Alex Meisel is the CTO of Art of Defence GmbH, member of OWASP and Cloud Security Alliance. Alex’s core focus is Web application security.
In order to accurately outline how a dWAF is possible while maintaining all the benefits of a completely virtualized environment – reduced IT overhead, flexible footprint management, virtually unlimited scalability – a brief overview of cloud technology is needed. Far more than simply maximizing current hardware resources to benefit from unused CPU power, today there are three main technologies available in a cloud that provide the backbone for real productivity gains and compelling business services for companies that don’t want to invest in the hardware scaling burdens common today.
Software as a service (SaaS) offers users virtualized software through a thin client, usually any standard Web browser. The benefit for users is access to software without any of the headaches of owning the programs – scaling and resources are taking care of, and patching and upgrades are managed.
Platform as a service (PaaS) provides users with virtual databases, storage and programming languages with which custom applications can be built. This service provides nearly unlimited resources behind the platform and allows customers to scale throughout the lifetime of the application. It is an effective solution for companies ranging from the very small to those serving millions of customers. The customer does not worry about the infrastructure needed to run the services and is billed in per usage model.

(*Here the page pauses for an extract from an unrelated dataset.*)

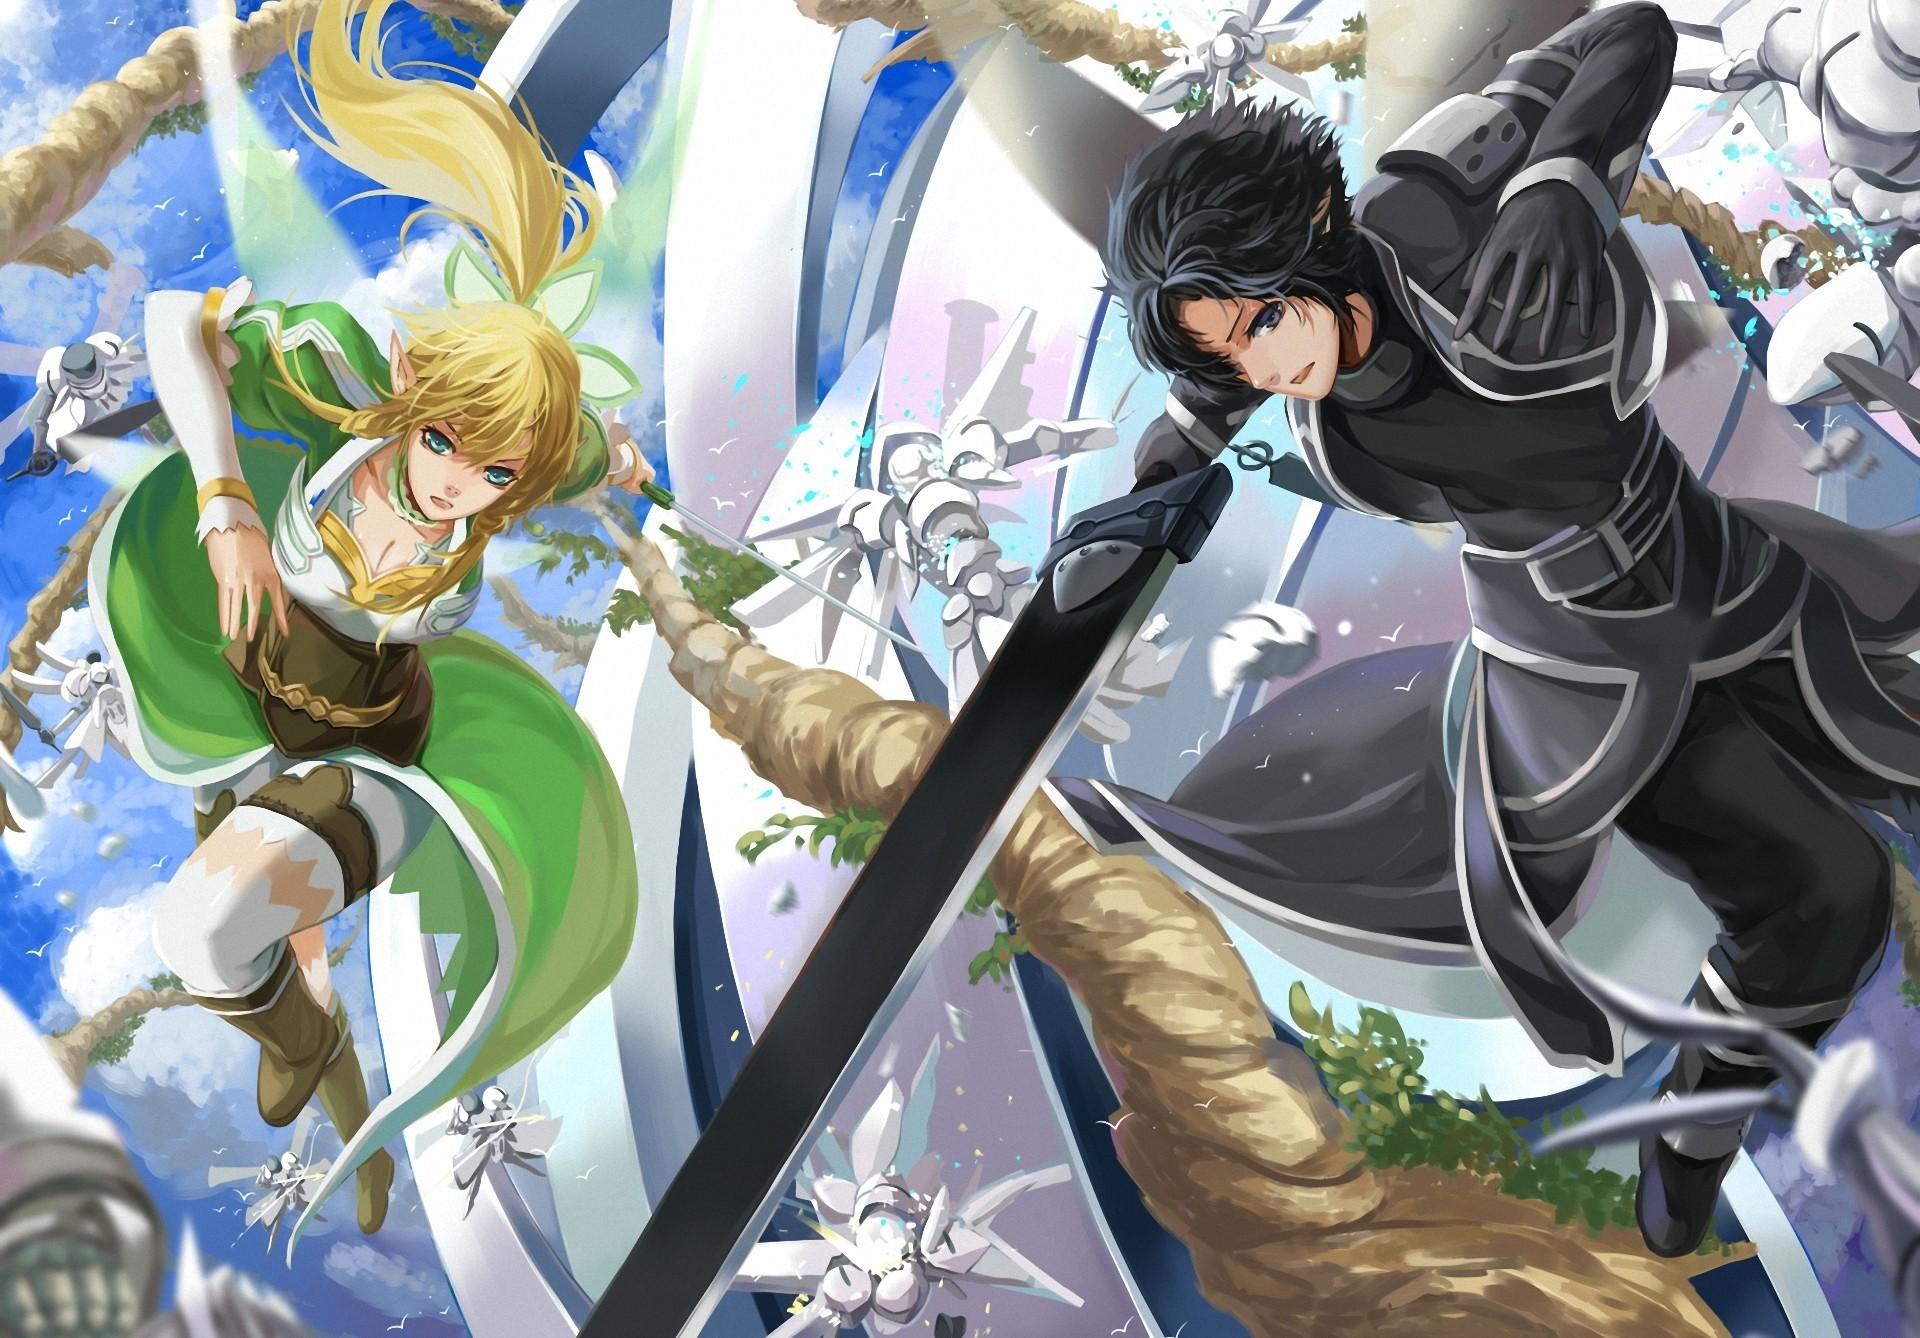 Black Lagoon Iphone X Wallpaper Sword Art Online Full Hd Wallpaper And Achtergrond

Infrastructure as a service (IaaS) allows users access to virtually unlimited resources to build and manage their own virtual network. Customers can commission and decommission virtual resources depending on their need. The most obvious benefit is that there is no end-of-life for hardware anymore for the customers. The providers move them according to their service level from hardware to hardware without any downtime.
The common user benefit of services available through a cloud is access to key resources via the Internet, which provides an incredible degree of scaling without the need to invest in expensive hardware infrastructure.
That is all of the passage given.